Stan the Man

Forget-me-not (Myosotis sp.)

Oh, these? I brined those olives outside of Baur, take! Take more. More—

In all four years of my college experience, I had never met a man so eager to harvest the bitter little olives that grew, unnoticed, outside of the small Arts and Sciences building on west campus. Or now that I think about it, those small passion fruits too, which inhabited the butterfly garden through the late summer months, tasting like watery echoes of their relatives in the tropics. Or, even, the pea flowers that vined up the lamps besides one of our biology buildings (which ended up being toxic so we begged him to stop eating them). Or

—uh, okay. You probably get the point.

While scouting, I spotted some angel wings (Pleurocybella porrigens)! This was the first time I had seen this mushroom and I admit it does look quite ethereal.

I have a lot of memories of Stan. In the fall of my junior year, I heard Stan had tapped the maple trees on city sidewalks. Then, that he was making flour from acorns. Then, that he was going mushroom hunting in Forest Park and that all were welcome to come with. Or, most memorably in my sophomore spring, that he was making his yearly fishing trip up in Montauk State Park, and that I was invited. He was the coolest college advisor I could ask for.

Neither of us could’ve possibly known, but Stan laid the groundwork for life in Alaska.

Stan taught me how to fish. In Montauk, he showed me the way around a spinning reel on a camping lot, comparing the casting motion to throwing a frisbee. Memories of fishing puns and superstition, of the stink of bait, of camp jambalaya and marshmallows and of Stan’s fuzzy little trapper hat in the morning cold feed into my brain. His energy was contagious. When my friends and I reeled in several fish that night, he taught us how to clean them.
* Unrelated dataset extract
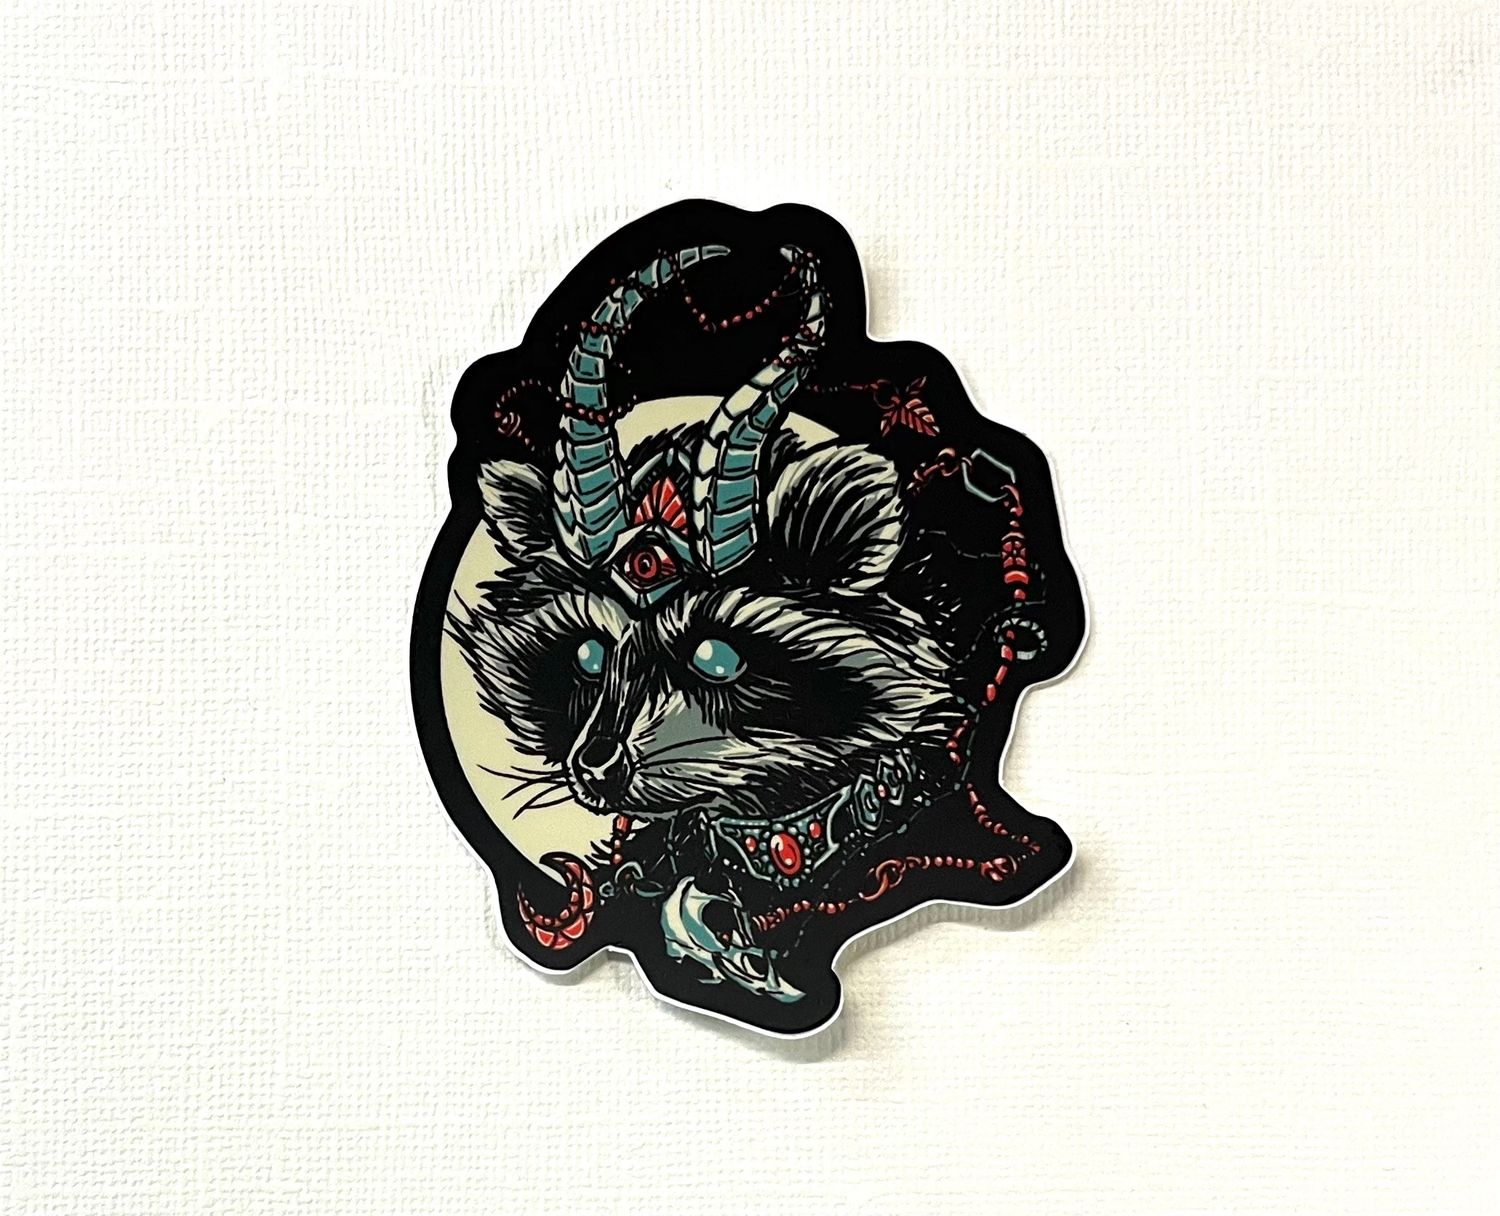 Occult Raccoon - Sticker by Kyle Sauter

[Week 2, Karta Wilderness Area] After a day of filling our minds with the floral diversity of Southeast Alaska, it was time to even the playing field and fill our stomachs. Val was kind enough to lend me her fishing rod and, still not used to wearing Xtratufs, I stumbled over to the Karta river. Relying on muscle memory, I pieced the rod together and tacked on a spoon lure, taking in the rapids all around me. My friend in wildlife, Auggie, gives me a few pointers on the feeding behavior of trout and char. I listen to my line plop into the upstream, and watch it work its way down. The slack disappears, just a second, and Auggie yells at me to reel. I try to maintain my precarious balance on the rock as I do, tugging at the last second. My first Dolly Varden pops out of the water. Smaller than a rainbow trout, but tastier, I think. Stan would have loved to fish here. I wrap myself in my sleeping bag that night, feeling so lucky to have a mind swirling with Latin names and to be so utterly dwarfed by the temperate rainforest around me.
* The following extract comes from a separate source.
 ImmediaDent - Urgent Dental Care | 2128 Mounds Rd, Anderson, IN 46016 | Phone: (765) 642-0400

Stan taught me how to forage. I say this loosely, because the man also ate many things that he probably shouldn’t have. But what I really mean is that he imbued in me the spirit of foraging. Of being so curious and intimately aware of your surroundings that you become able to bring back some of its wonder to the dinner table. One of our mutual favorites was the Pawpaw tree. I am of the opinion that the Pawpaw is a midwestern treasure. The fruit, although short-lived, tastes as if someone had told a mango seed that it was actually a banana. C’mon now.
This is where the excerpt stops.